Since 1984, Arizona’s “economic loss rule” has prevented an aggrieved party from recovering purely economic damages under tort law unless the tort (e.g., negligence) was accompanied by physical harm—either in the form of personal injury or damage to other property.
The economic loss rule has historically applied to construction cases. However, in its March 2009 decision in Valley Forge Insurance Company v. Sam’s Plumbing, the Arizona Court of Appeals surprised the state’s construction industry (and construction attorneys) by ruling that the economic loss rule did not bar a negligence claim against a plumbing subcontractor for damages caused by a gas line explosion.
Gas Explosion
This case arose from a gas explosion that occurred in a southern Arizona shopping center that was insured by Valley Forge. The explosion, which severely damaged the shopping center but did not cause bodily injury or damage to any personal property, was allegedly caused by negligent gas line work performed by Sam’s Plumbing.
The shopping center owner put in a claim to Valley Forge for property and business interruption damages caused by the gas explosion. Valley Forge paid more than $1.1 million to the shopping center owner as full compensation for the damages.

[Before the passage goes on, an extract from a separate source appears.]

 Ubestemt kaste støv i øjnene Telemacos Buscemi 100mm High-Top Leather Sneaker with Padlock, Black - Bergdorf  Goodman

Valley Forge then asserted a subrogation claim for negligence against Sam’s Plumbing to recover its $1.1 million payout. Sam’s Plumbing filed a motion for summary judgment, arguing the economic loss rule barred Valley Forge’s claim. Based on prior cases the trial court granted Sam’s Plumbing’s motion.
Appeal
The Court of Appeals first looked at the protections afforded by contract law versus tort law. The Court noted that, in the property damage context, contract law focuses on standards of quality as defined by the contracting parties, while tort law focuses on the objective reasonableness of certain conduct and the actual harm it causes. The Court then explained that the decision as to whether contract or tort law applies is not a hard and fast rule (as the economic loss rule has been applied over the years in Arizona), but instead is based on three equally important factors:
• The nature of the defect causing the loss;
• How the loss occurred; and;
• The type of loss for which the plaintiff seeks redress.
The Court further noted that the first factor looks at whether quality or safety concerns are primary; the second considers whether the loss results from a slow deterioration or a sudden accident or calamity; and the third examines the nature of the loss claimed.
Applying these factors to the facts present in Valley Forge, the Court determined that there was no reason to preclude the tort action. The Court noted that Sam’s Plumbing contracted with the tenant to do limited work to the tenant’s space, and the resulting explosion severely damaged not only the tenant’s space but other parts of the shopping center as well. The Court determined that the deficient work on the gas pipes did not simply fall below the quality standards specified in the tenant’s contract. Instead, the work presented an extreme risk of danger to everyone and everything around the piping.
Finally, the Court found that the explosion in this case is the exact type of sudden calamity or extraordinary event that is routinely governed by tort law.
Ruling
The Court ruled that, in a construction defect case, the economic loss rule should be analyzed as it was by the Arizona Supreme Court in a products liability case, Salt River Project Agric. Improvement & Power Dist. v. Westinghouse Elec. Corp. The Court explained that, in Salt River, the Supreme Court did not create a bright-line test for determining whether to apply tort or contract law to a given case but, rather, utilized a balancing-of-the-factors test.
Finally, although the Court of Appeals recognized the public policy goals of the economic loss rule to assure that contract law does not “drown in a sea of tort” and to encourage parties to efficiently negotiate the potential liabilities arising from contractual relationships, the Court noted that tort law also pursues important societal goals.
The Court found that Sam’s Plumbing had a general duty under tort law, separate from any contractually assumed obligation, to exercise reasonable care in any work undertaken. This duty included the specific duty to take precautions to avoid a dangerous gas explosion.
The Court held, therefore, that if Sam’s Plumbing breached this duty, Sam’s Plumbing was liable for all of the resulting economic damages.
Impact on Contractors
If the economic loss rule no longer precludes tort claims in Arizona construction defect cases, what is the consequence for contractors?
One major effect of the Valley Forge decision is that Arizona’s statute of repose (A.R.S. § 12-552) would no longer provide the same degree of protection to contractors. Prior to Valley Forge, contractors could be sued for property damage only under contract law. The statute of repose mandates that no claim under contract law can be brought longer than eight years after the project was completed.
However, by its very wording, the statute of repose applies only to contract claims. Tort claims, on the other hand, can be brought at any time within two years after the claim is discovered. Under Valley Forge, owners can now bring claims against contractors under tort law as long as the claim is brought within two years after it is discovered.
In other words, the statute of repose would no longer provide a date certain after which the contractor was safe from being sued for claims arising from work it performed.